From 3-minute queries to sub-second search
Some of the most satisfying engineering wins aren’t new features — they’re the moments a system stops fighting the people who depend on it. One of those, for me, was search.
I worked for over a decade on a large legal-process management platform at the Ministério Público de Goiás. As the data grew into millions of records, the search that everyone used dozens of times a day got slower and slower. At its worst, some queries took two to three minutes — long enough that people would start one, switch to another task, and come back hoping it had finished.

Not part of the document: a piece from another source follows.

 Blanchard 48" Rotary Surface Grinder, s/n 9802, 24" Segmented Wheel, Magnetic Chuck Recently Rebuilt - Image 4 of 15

The database wasn’t the enemy; it was just the wrong tool for the job. Relational
queries with LIKE '%term%' across many joined tables can’t be indexed
effectively, and every search became a full scan. We were asking Postgres to do
something it was never designed to do well.
The shift
The fix was to stop searching the database for text and start searching a system built for it. We introduced Elasticsearch, indexed the relevant documents, and moved the heavy text queries there. The same searches that took minutes dropped to under three seconds — usually well under one.

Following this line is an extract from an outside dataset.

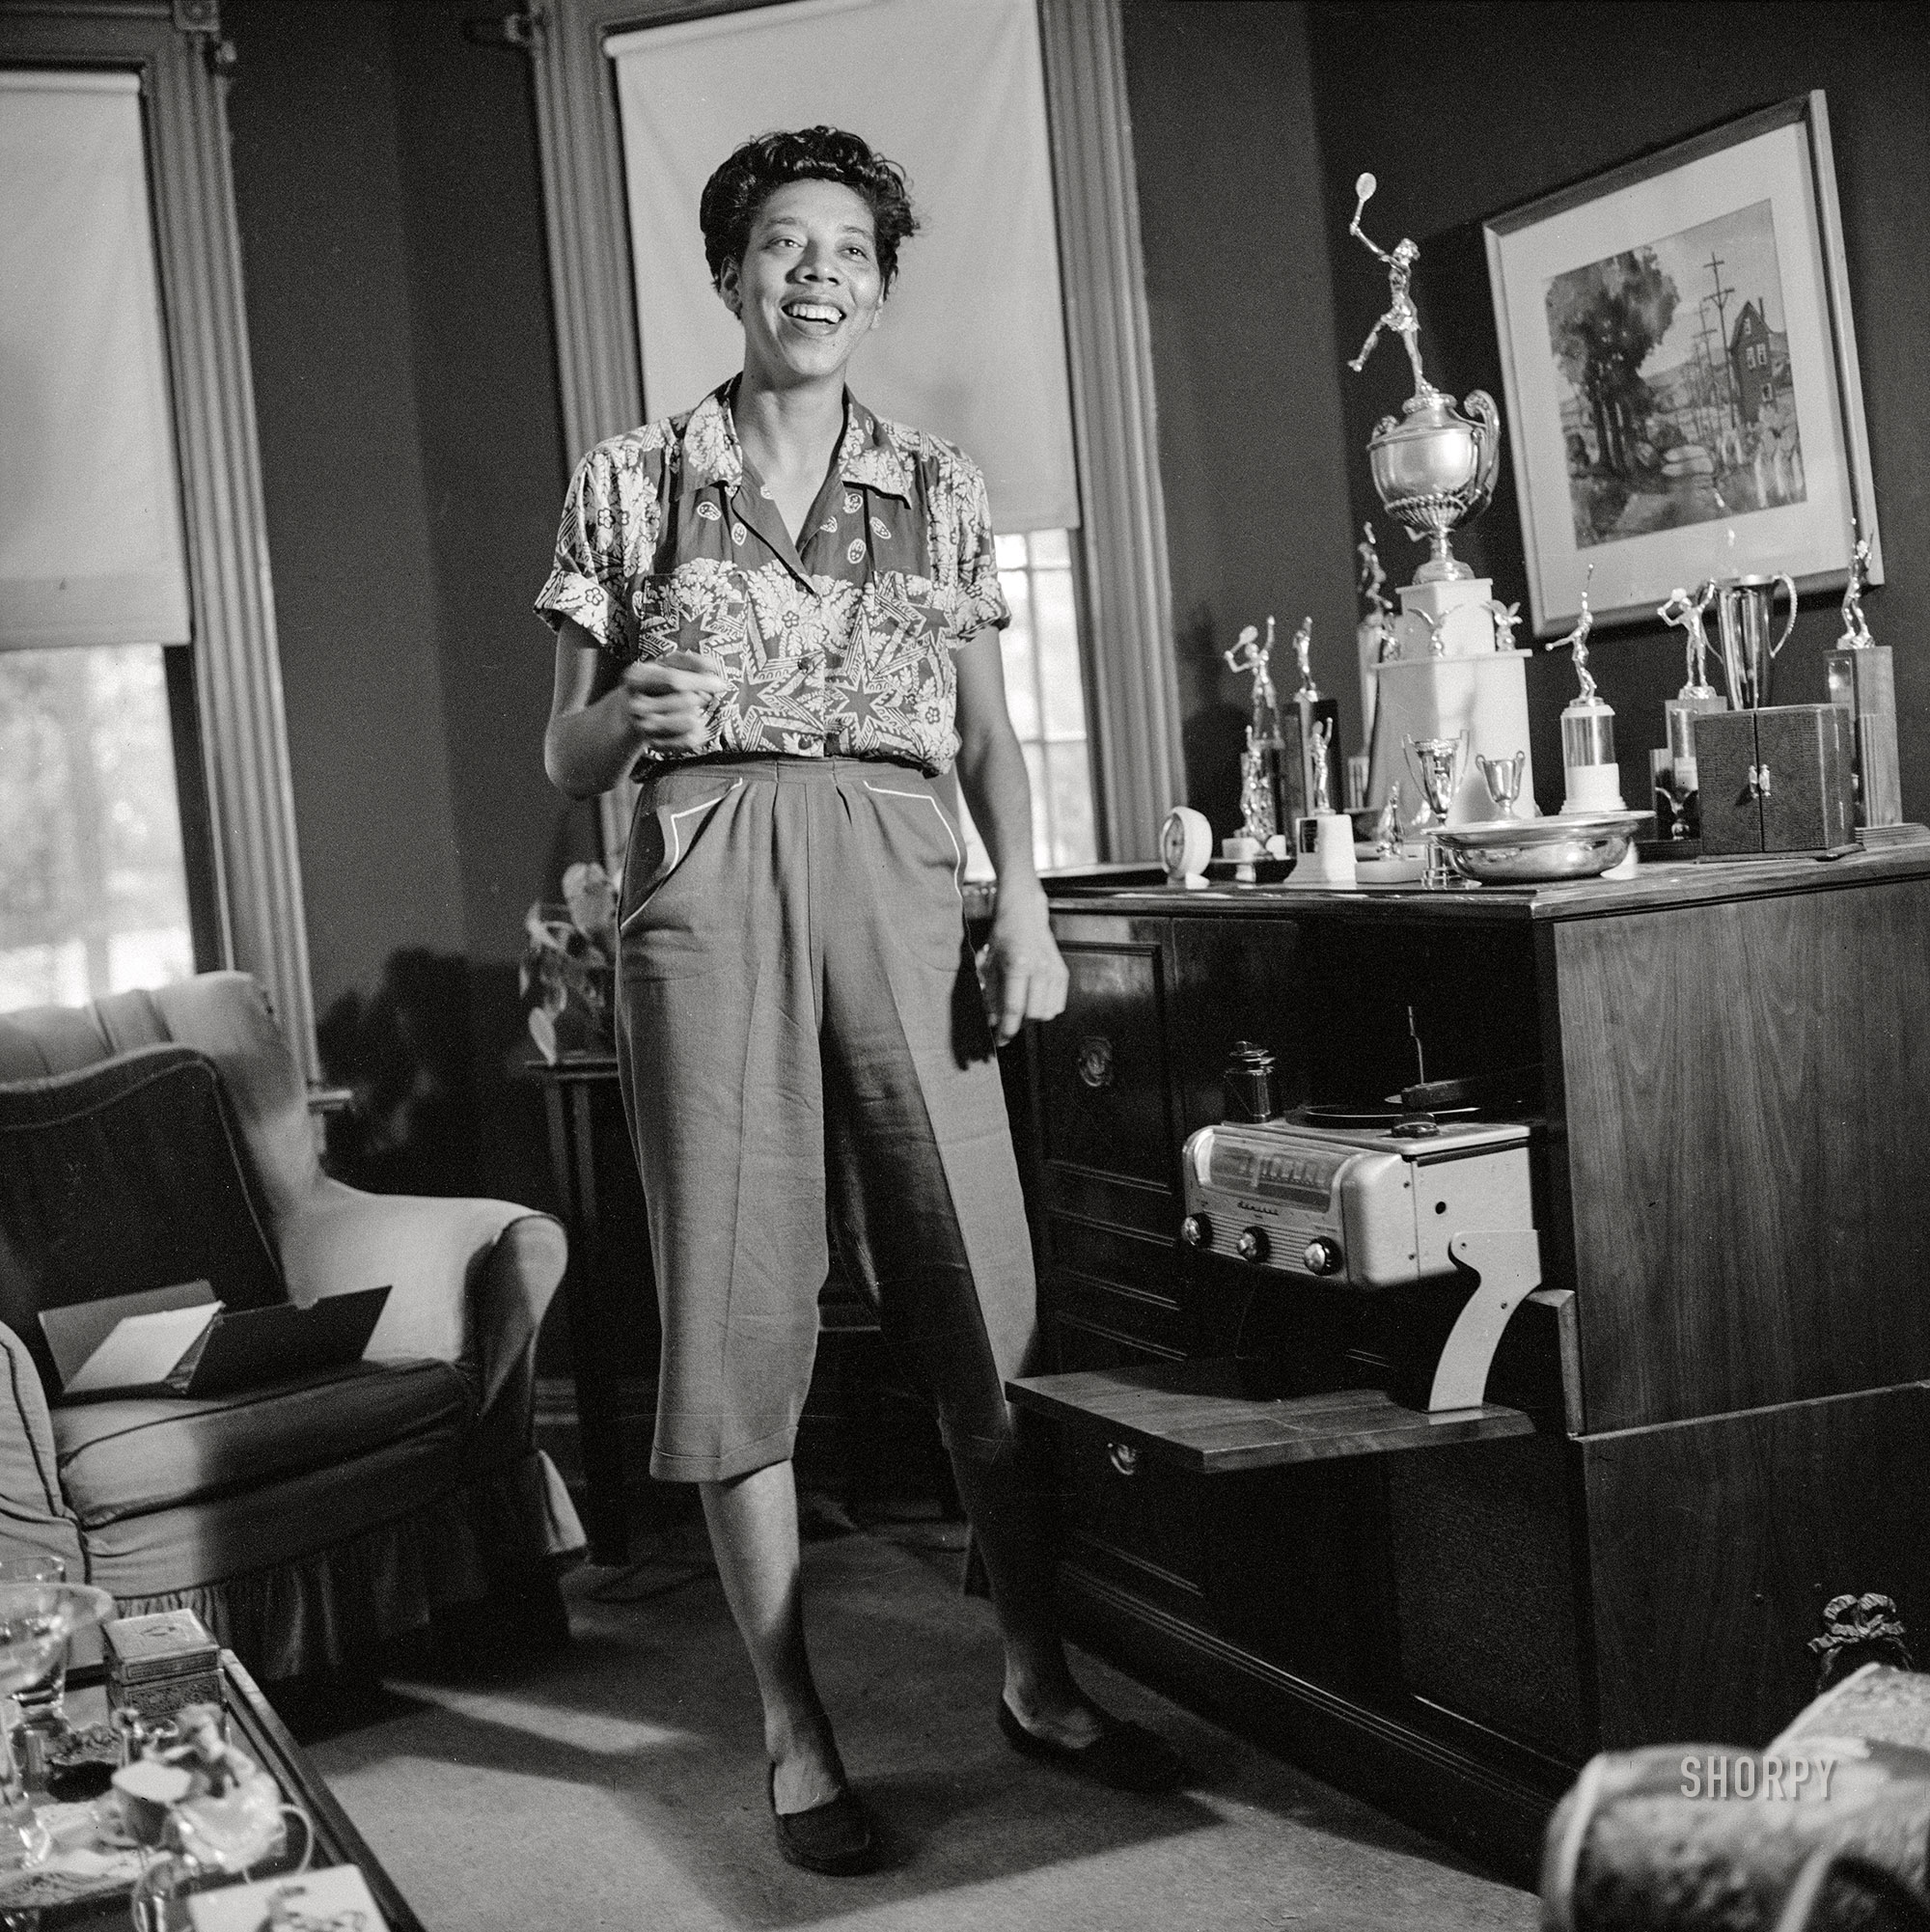 September 1957. New York. "Tennis champion Althea Gibson unpacking trophies at her home in Harlem." Medium format acetate negative by Genevieve Naylor for the Look magazine assignment "Althea Gibson: Tragic Success Story." View full size.

The interesting part wasn’t installing Elasticsearch. It was everything around it:
- Modelling what to index. You don’t mirror your database into Elasticsearch. You decide what users actually search by, and shape documents around those access patterns — denormalising on purpose.

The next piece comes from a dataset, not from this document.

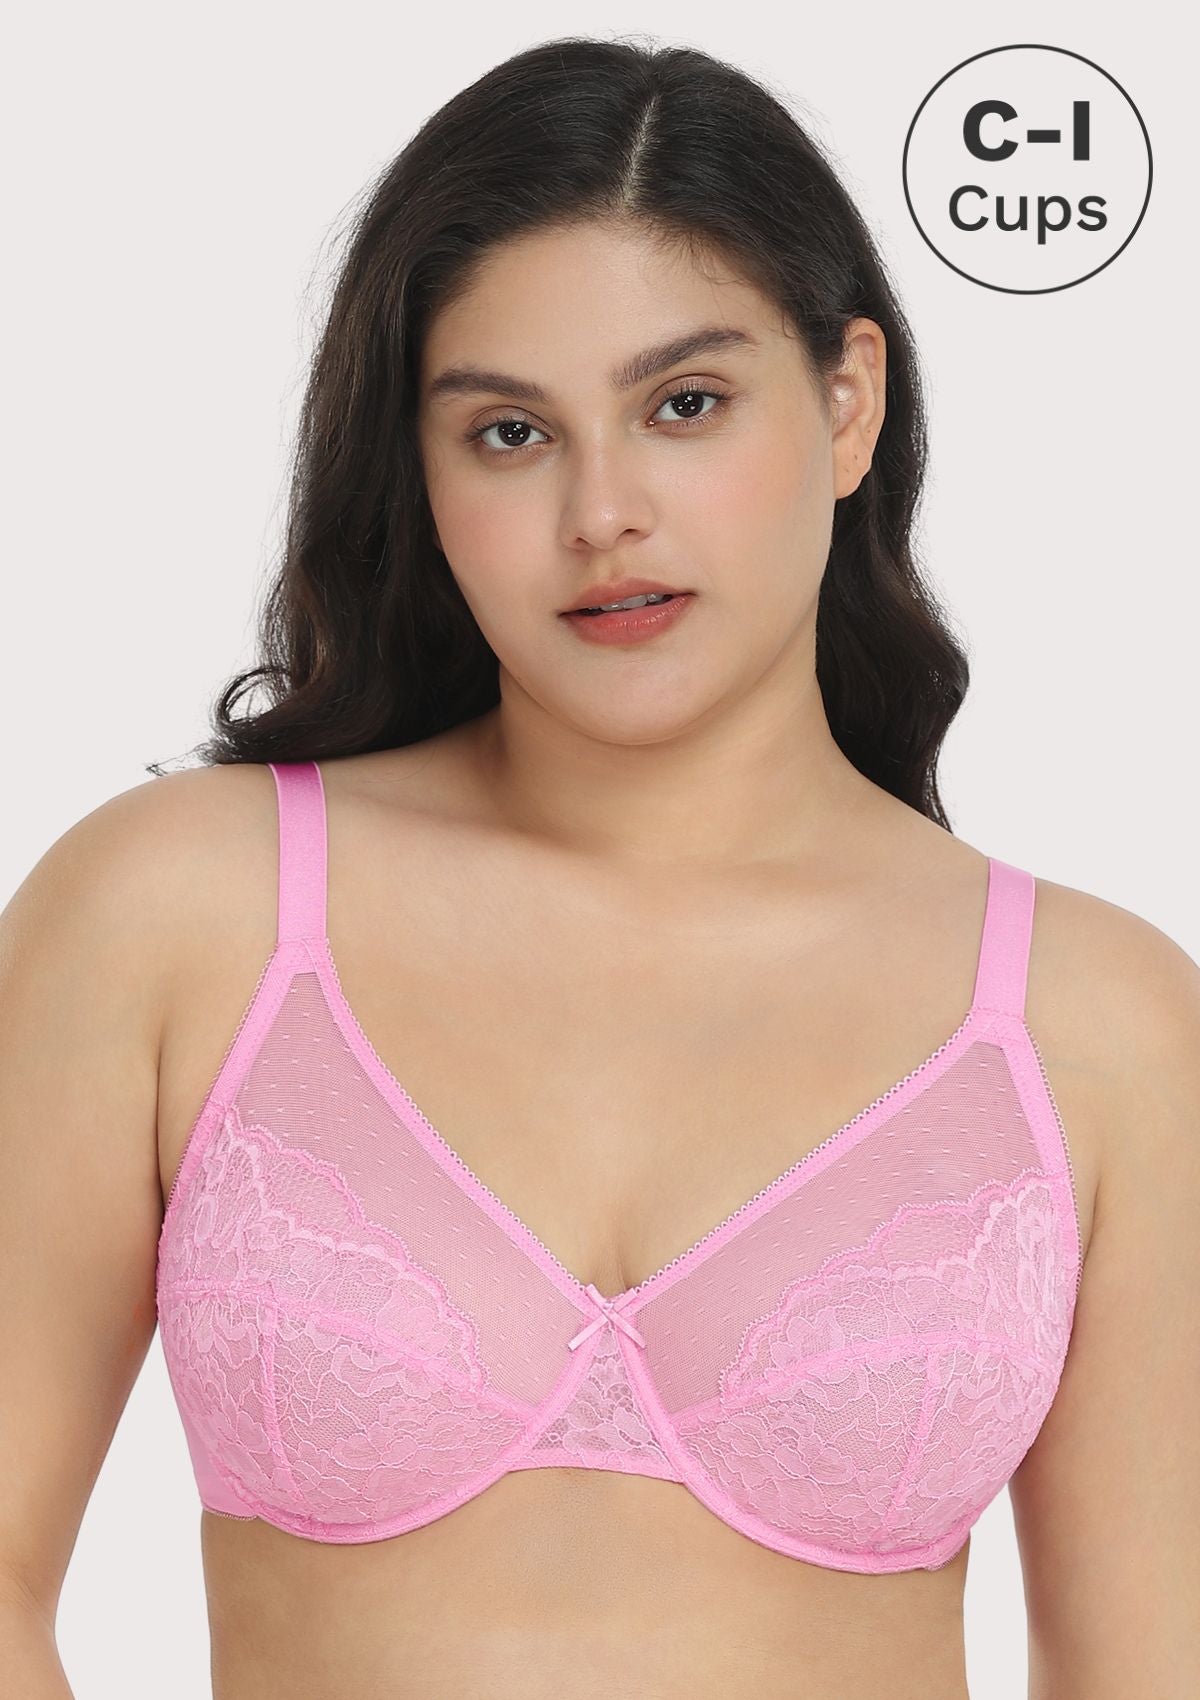 HSIA Sunflower Lace Bra and Panty: Cute Plus Size Comfort Bra

- Keeping it in sync. Indexing happens through background jobs so a write never blocks on the search cluster, and so a reindex of millions of documents doesn’t take the app down with it.
- Relevance is a product decision. Sorting by score, boosting certain fields, handling accents and partial terms — these aren’t database concerns, they’re about what a good result means to the person searching.
What I took from it
Performance work is rarely about a clever trick. It’s about noticing when a component is being used against its grain, and being willing to introduce the right tool — then doing the unglamorous work of syncing, reindexing, and tuning relevance so it stays fast as the data keeps growing.
Cutting a three-minute wait to three seconds didn’t add a single feature. But it gave hundreds of people back a piece of their day, every day. That’s the kind of result I keep chasing.